Cette vision correspond au parti majoritaire du conseil métropolitain qui est le parti écologiste (Rassemblement citoyen, solidaire et écologiste), vision rejointe part le parti ADIS (agir pour un développement intercommunal solidaire) qui est le parti de la vice-présidente à la montagne et celui des élus qui ont donné cette vision de la montagne comme fondement des politiques métropolitaines au cours de l’atelier. En effet l’élu O (parti RCSE) donne sa vision de la manière dont on devrait considérer la montagne : « je dirais que pour les écologistes ça a toujours été une préoccupation de savoir comment on peut faire cohabiter la ville… dans le sens assurer la dialectique entre ville et nature, donc ici dans notre région c’est ville et montagne. ».

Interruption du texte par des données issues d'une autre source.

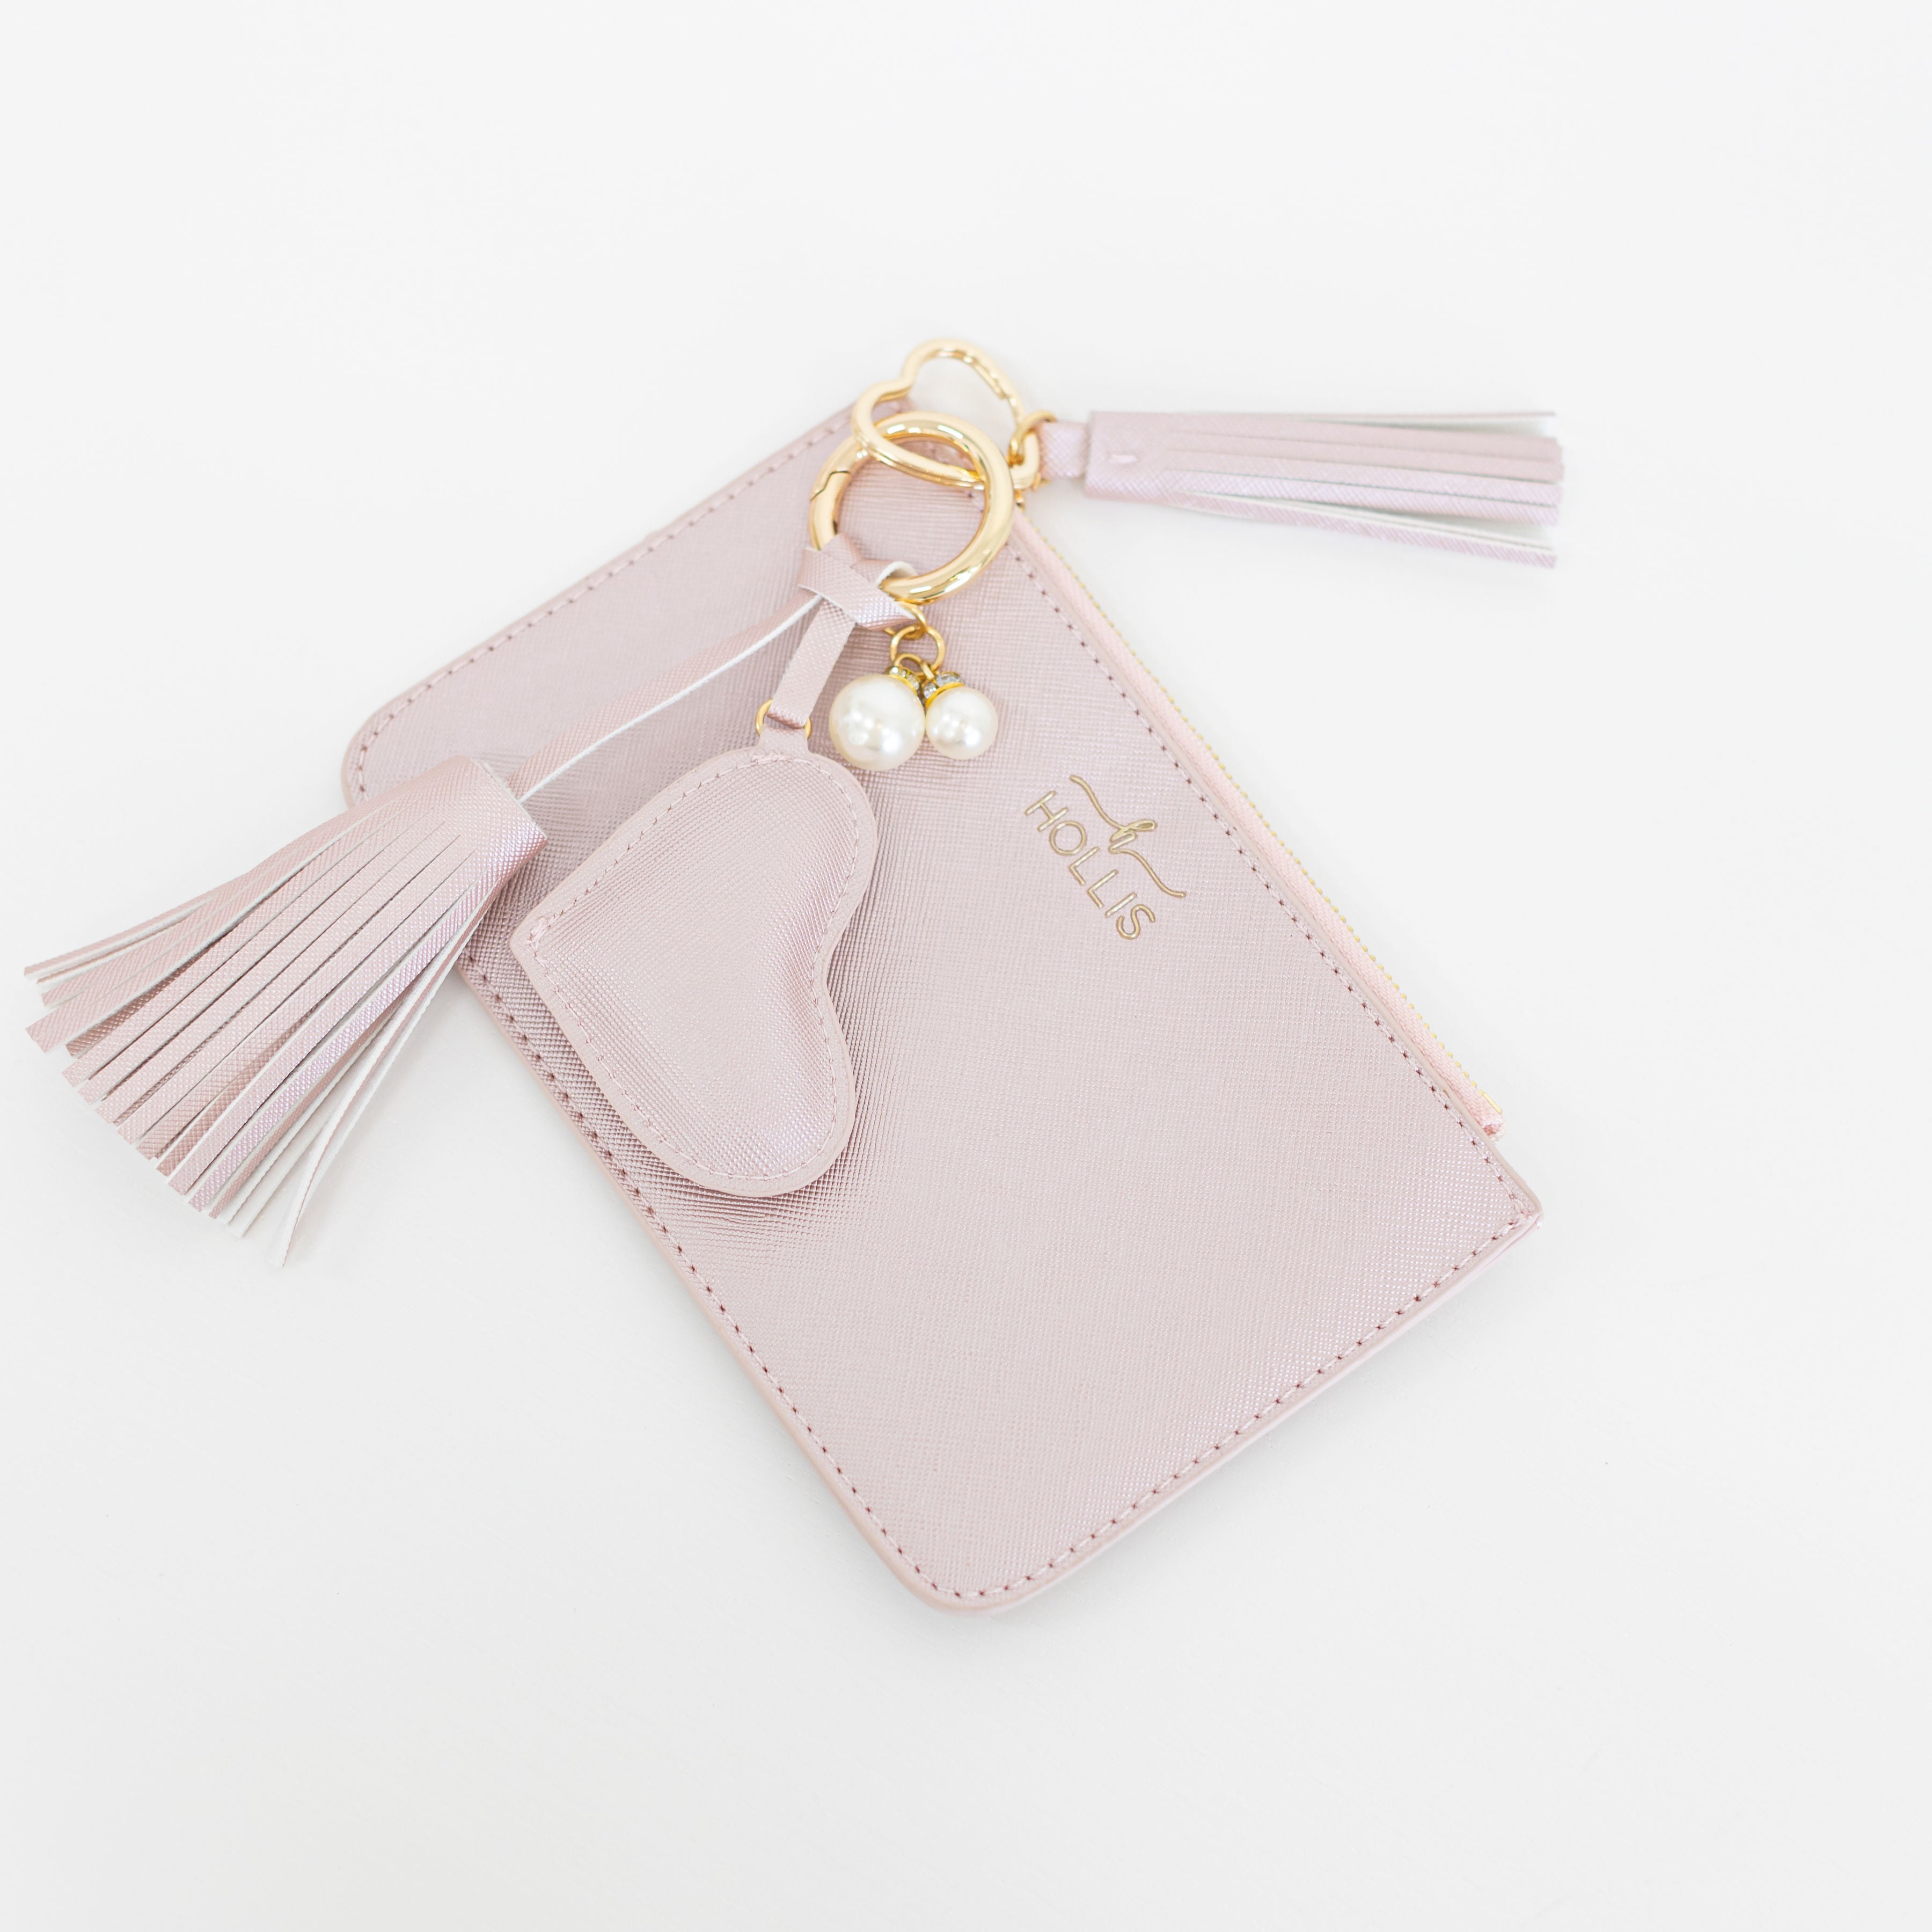 Wyweilie - Faux Leather Coin Purse Keyring | YesStyle

Cette élaboration de l’action publique peut nous rapprocher du concept de « biorégion » conçu par le mouvement scientifique des territorialistes. Ce mouvement est né aux États-Unis à partir

notamment des écrits de Arne Naess sur «  l’écologie radicale  » et développé par une école italienne formée autour d’Alberto Magnaghi. Ce dernier a formulé une définition de ce que serait la « biorégion urbaine » :

« La biorégion urbaine est le référent conceptuel approprié pour traiter d’une manière intégrée les domaines économiques (système local territorial), politiques (autogouvernement), environnementaux (éco-système territorial) et de l’habiter (lieux fonctionnels et lieux de vie dans un ensemble de villes, bourgs et villages) d’un système socio-territorial qui cultive un équilibre de co- évolution entre établissement humain et milieu ambiant, rétablissant sous une forme nouvelle les relations de longue durée entre ville et campagne pour atteindre l’équité territoriale. »9

Cette définition correspond assez bien à la vision du territoire évoquée par certains élus où la montagne avec la vallée joueraient un rôle de «  soubassement  » à l’ensemble des politiques métropolitaines. Cette vision territoriale requestionne l’existence des sociétés sectorielles et du rapport global/sectoriel énoncé par Muller. La politique montagne pourrait proposer, en plus d’une nouvelle vision territoriale et d’un nouveau rapport à la montagne, une transition d’une société sectorielle à une société re-territorialisée.

Ce rapprochement entre la politique montagne et le «  biorégion urbaine  » pourrait faire l’objet d’une poursuite de recherche.